30 917
Wijziging van de Wet openbaarmaking uit publieke middelen gefinancierde topinkomens in verband met de bescherming van informatie betreffende veiligheidsmaatregelen

nr. 6
NOTA NAAR AANLEIDING VAN HET VERSLAG

Ontvangen 6 februari 2007

Verheugd heb ik kennis genomen van de opmerkingen die de leden van de fracties van het CDA, SP, de VVD en de ChristenUnie hebben gemaakt naar aanleiding van het voorstel tot wijziging van de Wet openbaarmaking uit publieke middelen gefinancierde topinkomens (WOPT) in verband met de bescherming van informatie betreffende veiligheidsmaatregelen.

De leden van de fractie van het CDA betuigden hun instemming met het voorstel.

De leden van de fractie van de SP onderschreven het belang van de veiligheid van degenen wier inkomen openbaar wordt gemaakt. Zij vroegen zich af of de regering aanwijzingen heeft dat potentiële terroristen geïnteresseerd zijn in het feit dat bekende personen worden beschermd.

In antwoord op de vraag van de leden van de fractie van de SP kan ik meedelen dat uit (strafrechtelijke) onderzoeken uit het verleden is gebleken dat potentiële terroristen verkenningen uitvoeren om beveiligingsniveaus rond potentiële doelwitten in kaart te brengen.

Wanneer getroffen beveiligingsmaatregelen breed bekend worden, voldoet de beveiliging niet meer. Omdat variaties in inkomen soms zijn te herleiden tot getroffen beveiligingsmaatregelen, kunnen potentiële terroristen aan de openbaarmaking van topinkomens voor hen relevante informatie ontlenen.

Ook de leden van de fractie van de VVD onderschreven het voorstel. Zij stelden daarbij de vraag aan de orde of het voorstel betekent dat het norminkomen waarboven het inkomen op grond van de WOPT openbaar wordt gemaakt, met het voorstel van wet wordt verhoogd. Anders dan de leden van de fractie van de VVD veronderstellen, heeft onderhavig voorstel van wet geen gevolg voor de berekening van het norminkomen. Het norminkomen, waarboven een inkomen op grond van de WOPT wordt openbaargemaakt, is afgeleid van het gemiddelde belastbare loon van ministers en wordt berekend op grond van de Regeling berekening gemiddelde belastbare loon ministers. Op grond van deze regeling wordt het gemiddelde belastbare loon van ministers zodanig gecorrigeerd dat het vergelijkbaar is met de componenten van het belastbare loon van degenen op wie de WOPT van toepassing is. De wijze waarop dit gemiddelde wordt berekend, heeft geen betrekking op de berekening van het door individuele ministers te melden belastbaar loon. Daardoor kan de situatie ontstaan dat een minister die een beveiligde dienstauto heeft, een aanzienlijke bijtelling krijgt bij zijn belastbaar loon, zodat zijn belastbaar loon uitstijgt boven het gemiddelde. Op grond van onderhavig voorstel van wet hoeft de bijtelling bij het belastbaar loon niet meer op grond van de WOPT openbaar gemaakt te worden. De bijtelling blijft echter fiscaal gezien onderdeel uitmaken van het belastbare loon van de betreffende minister.
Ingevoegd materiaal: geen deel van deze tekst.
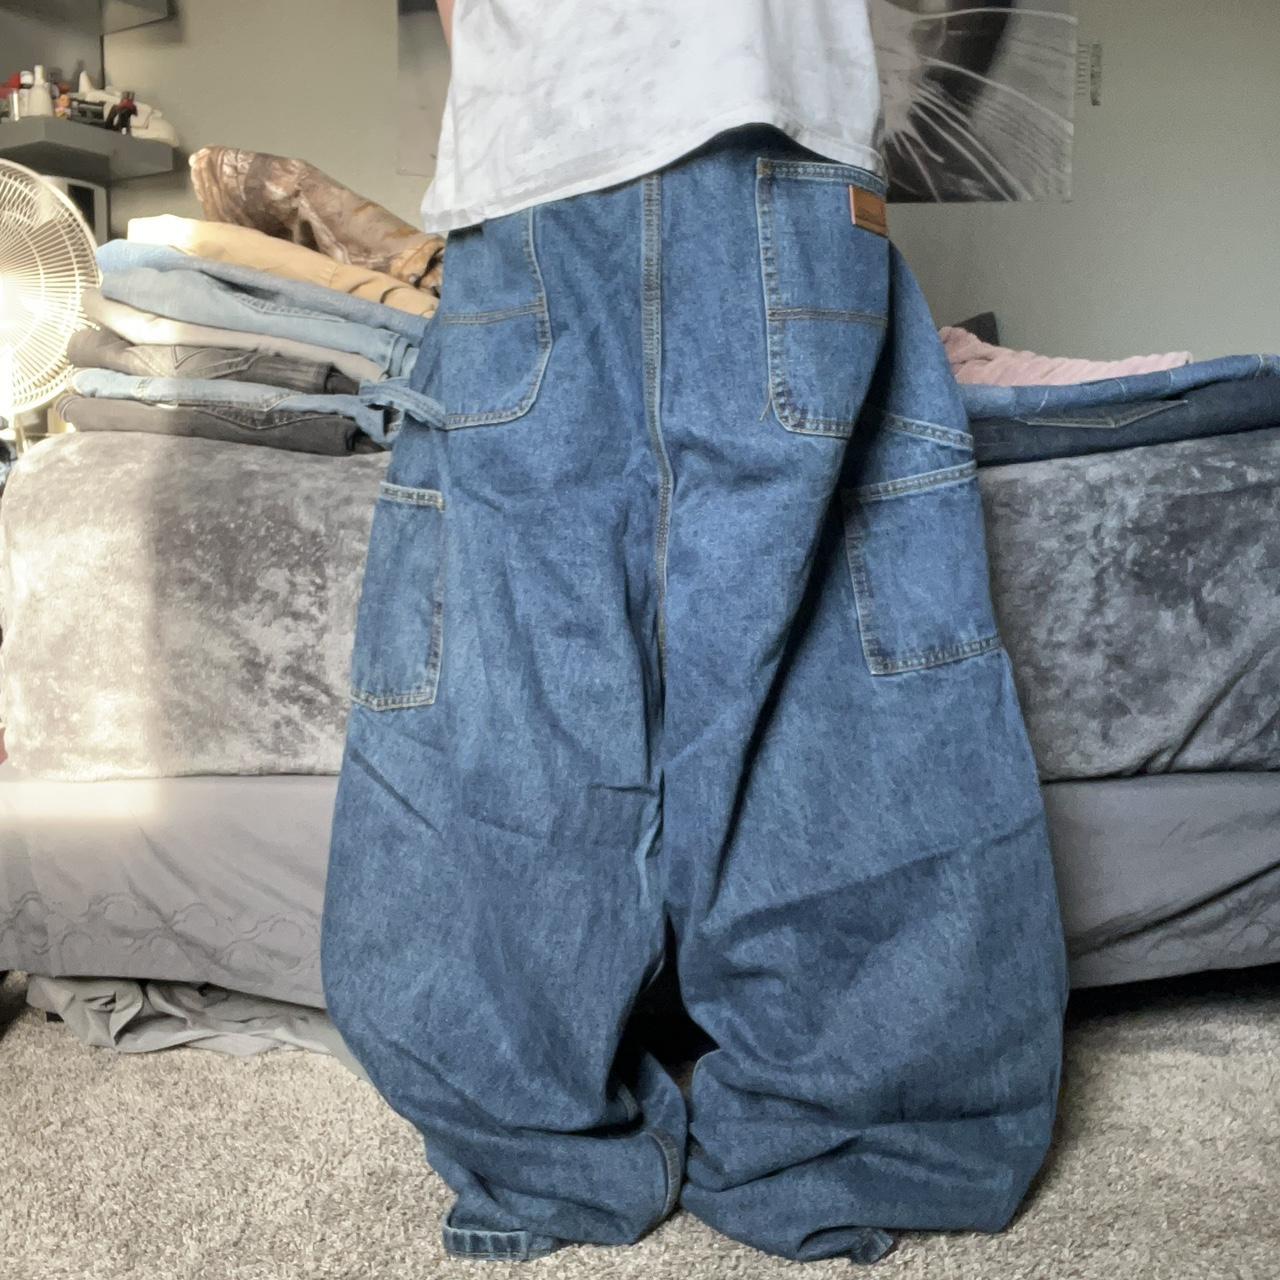 Insanely baggy rk brand carpenter jeans, dm me with... - Depop

De leden van de fractie van de ChristenUnie toonden begrip voor de aan het voorstel van wet ten grondslag liggende argumentatie. Deze leden veronderstelden dat de zinsnede «De bepaling is tevens van toepassing op andere – thans niet voorziene – maatregelen die gevolgen zouden hebben voor het belastbare loon van ministers of staatssecretarissen» uit de memorie van toelichting uitsluitend ziet op getroffen veiligheidsmaatregelen. Ik kan deze leden bevestigen dat hun veronderstelling juist is.